Multiple vulnerabilities found in Google App Engine

[UPDATED] Researchers find many security holes in the Java parts of Google's Platform as a Service offering, but get kicked off the service before finishing.
Written by Larry Seltzer, Contributor

Researchers from Security Explorations report that they have found multiple serious vulnerabilities in the Java environment of the Google App Engine, part of the Google Cloud Platform.

Update on December 8: We received this statement from a Google spokesperson: "We take reports of vulnerabilities in our products very seriously and we are investigating Security Explorations' posting to the Full Disclosure mailing list. We have no reason to believe that customer data and applications are at risk."

Google App Engine is the company's PaaS (Platform as a Service) offering for running custom-built programs using a wide variety of popular languages and frameworks.

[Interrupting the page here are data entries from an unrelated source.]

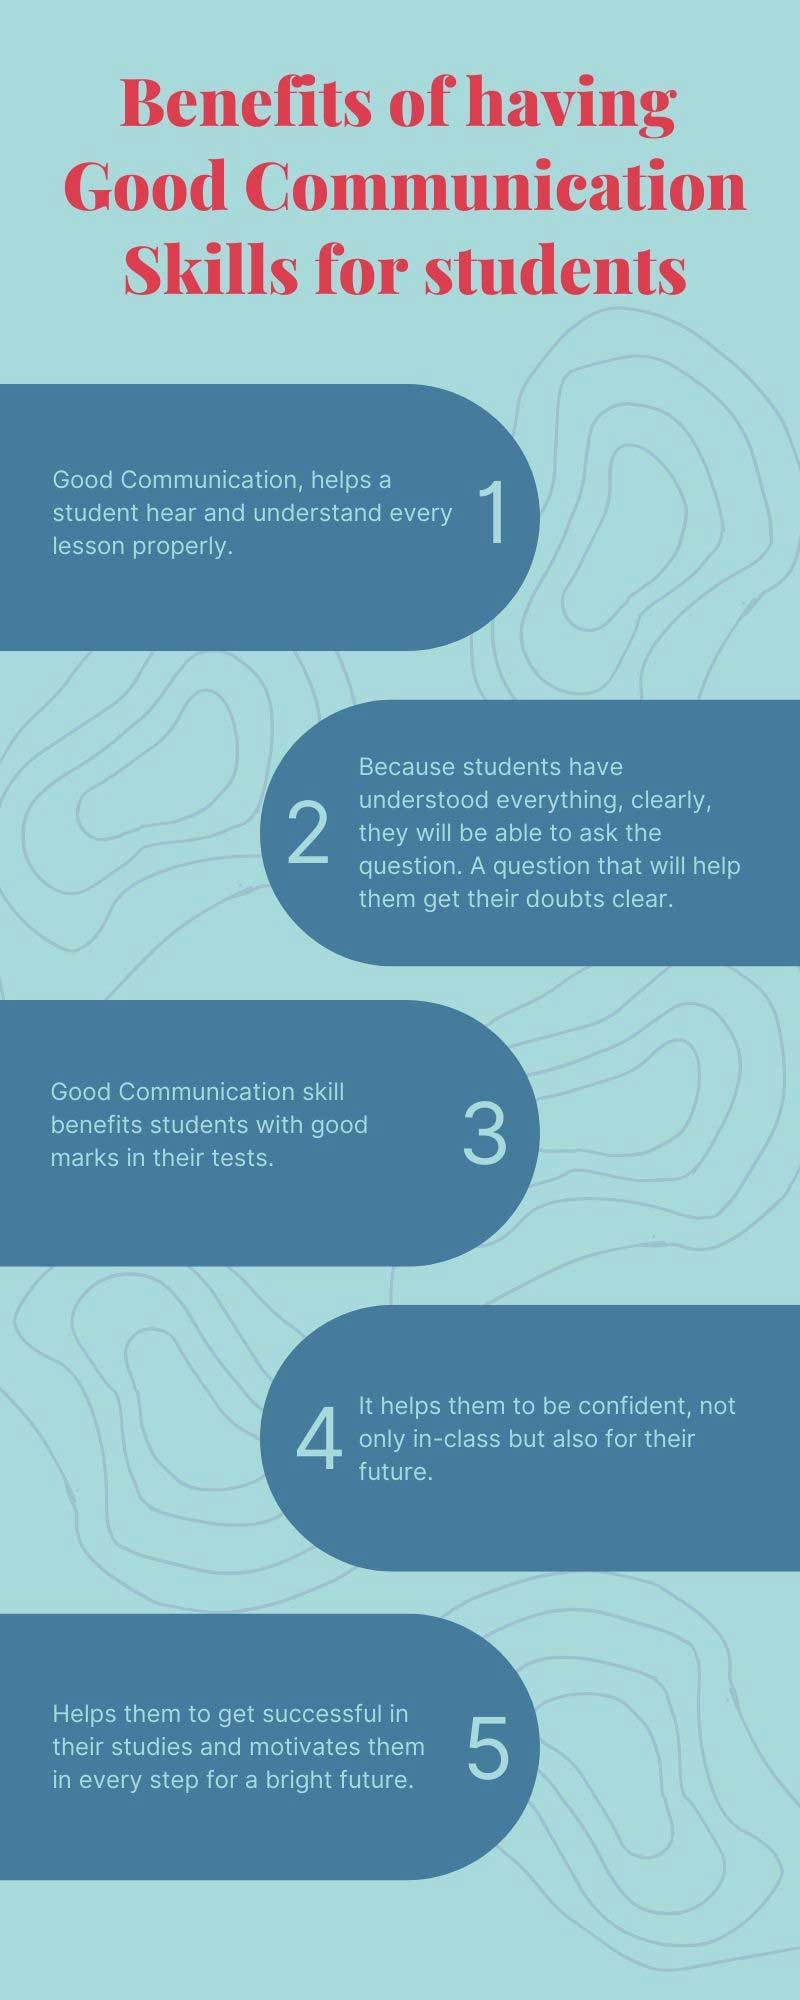 Benefits of having Good Communication Skills
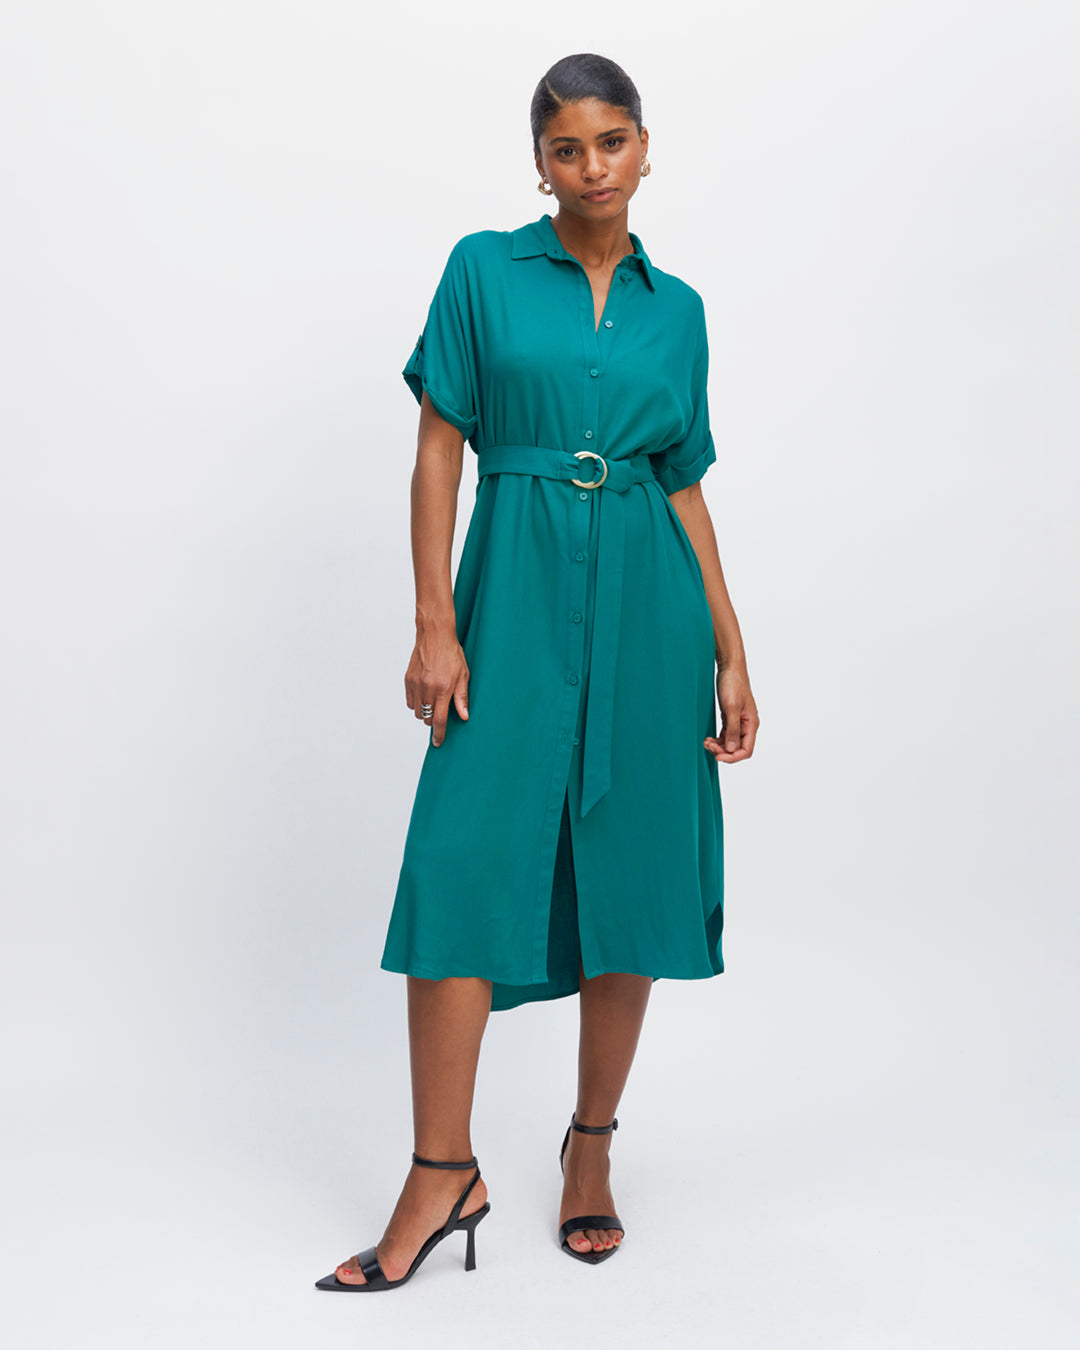 Dress-long-green-Collar-blouse-Cut-right-Length-under-the-knee-Belt-ton-on-ton-17H10-tailors-for-women-paris-
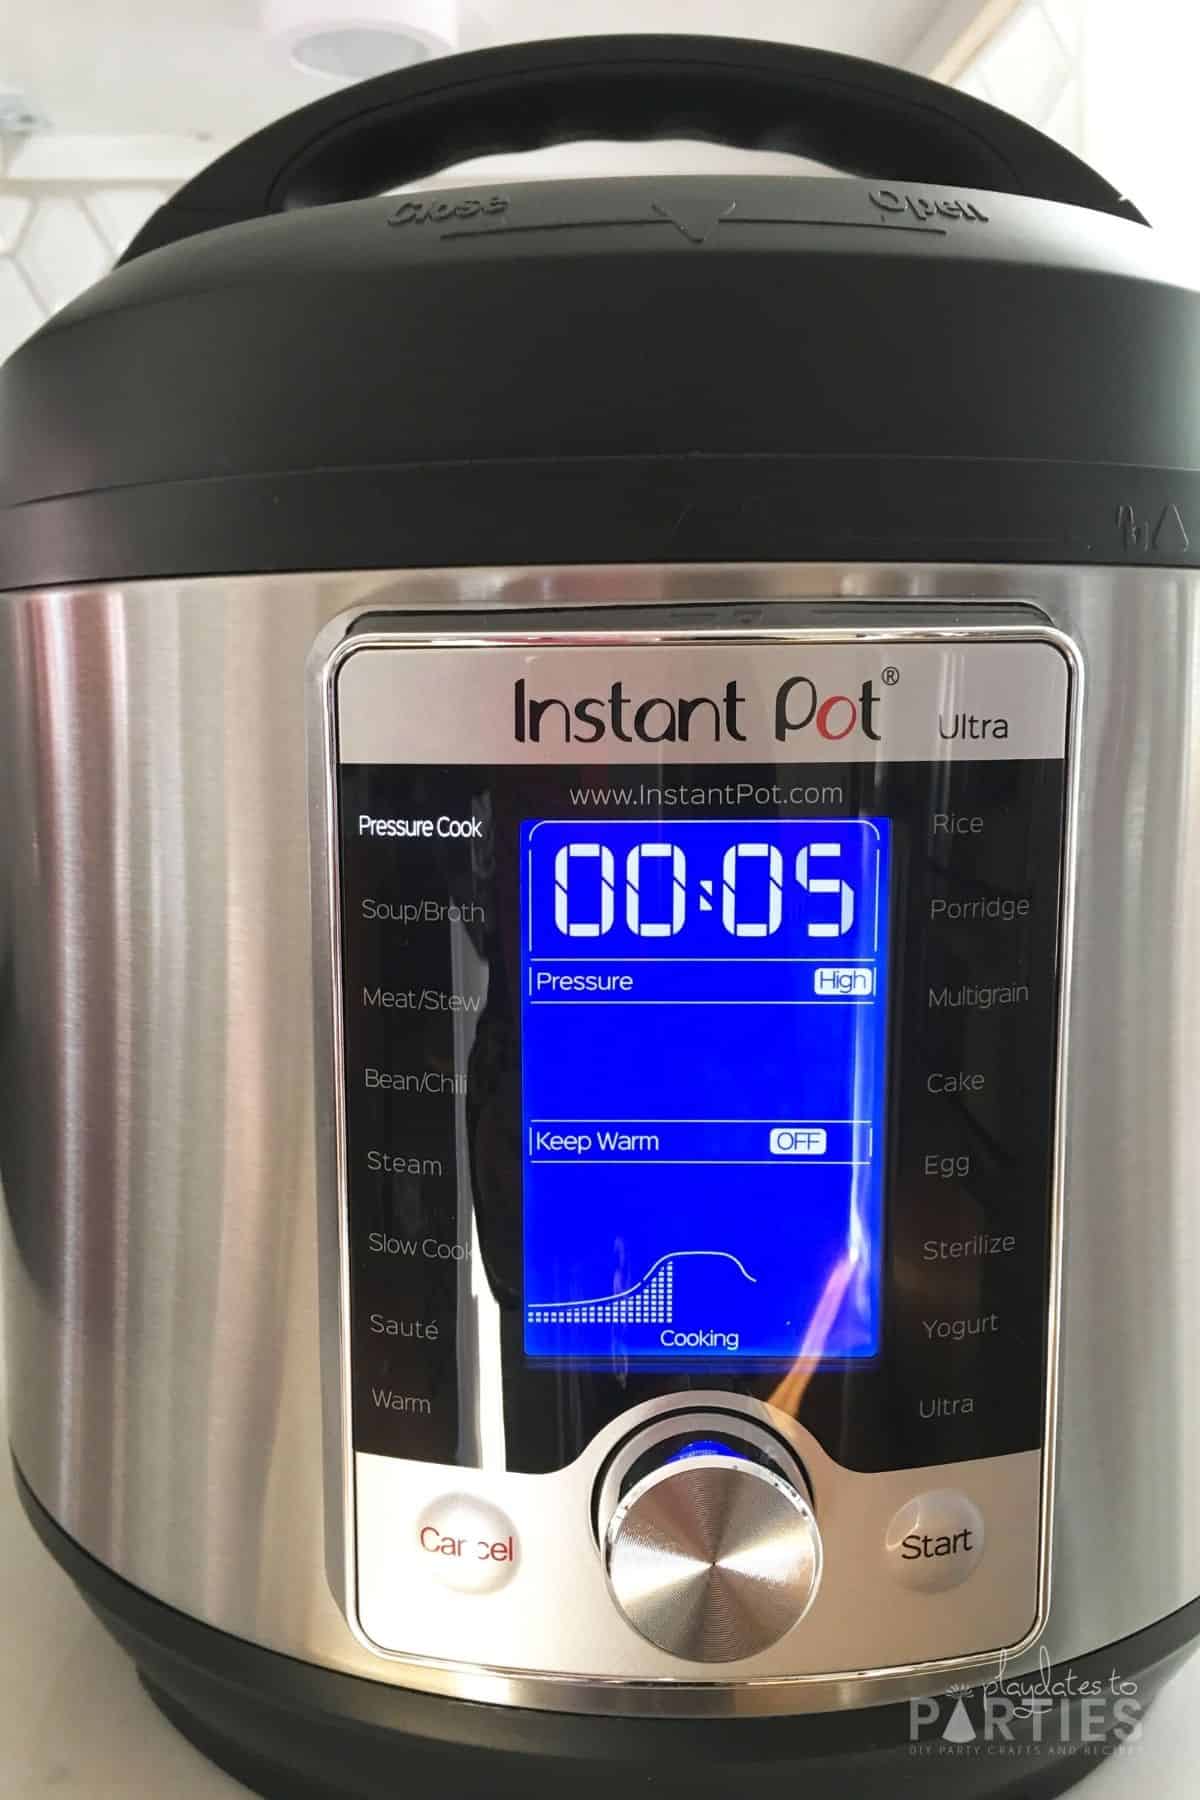 Instant Pot display set to 5 minutes high pressure.

Many of these are built on the Java environment.

Security Explorations says that the vulnerabilities allow for a complete Java VM security sandbox escape as well as arbitrary code execution. In all, the researchers believe that the number of issues is "30+ in total." They have been unable to finish their research because Google suspended their test Google App Engine account.

Google's actions are not unreasonable and Security Explorations admits as much:

Without any doubt this is an opsec failure on our end (this week we did poke a little bit more aggressively around the underlying OS sandbox / issued various system calls in order to learn more about the nature of the error code 202, the sandbox itself, etc.).

They hope, they say, that Google will allow them to complete their work, as Google has generally been supportive of and helpful to the security research community.

The Google App Engine allows access only to a subset, called the JRE Class White List, of JRE Standard Edition classes. The researchers were able to break out of this whitelist and gain access to the full JRE. They found 22 full sandbox escape issues and were able to exploit 17 of them. They were able to execute native code, specifically to issue arbitrary library/system calls and to gain access to the files comprising the JRE sandbox.

Update on December 8: After further analysis it is clear that Google's take-down of the account is proof that they have other security measures in place. It's reasonable to assume that some of Google's other measures would mitigate some of the attacks, at least in some circumstances. The Security Explorations satement that Google has a good relationship with the security research community is undoubtedly true, as evidenced by a great deal of prior cooperation and a good-sized bug bounty program.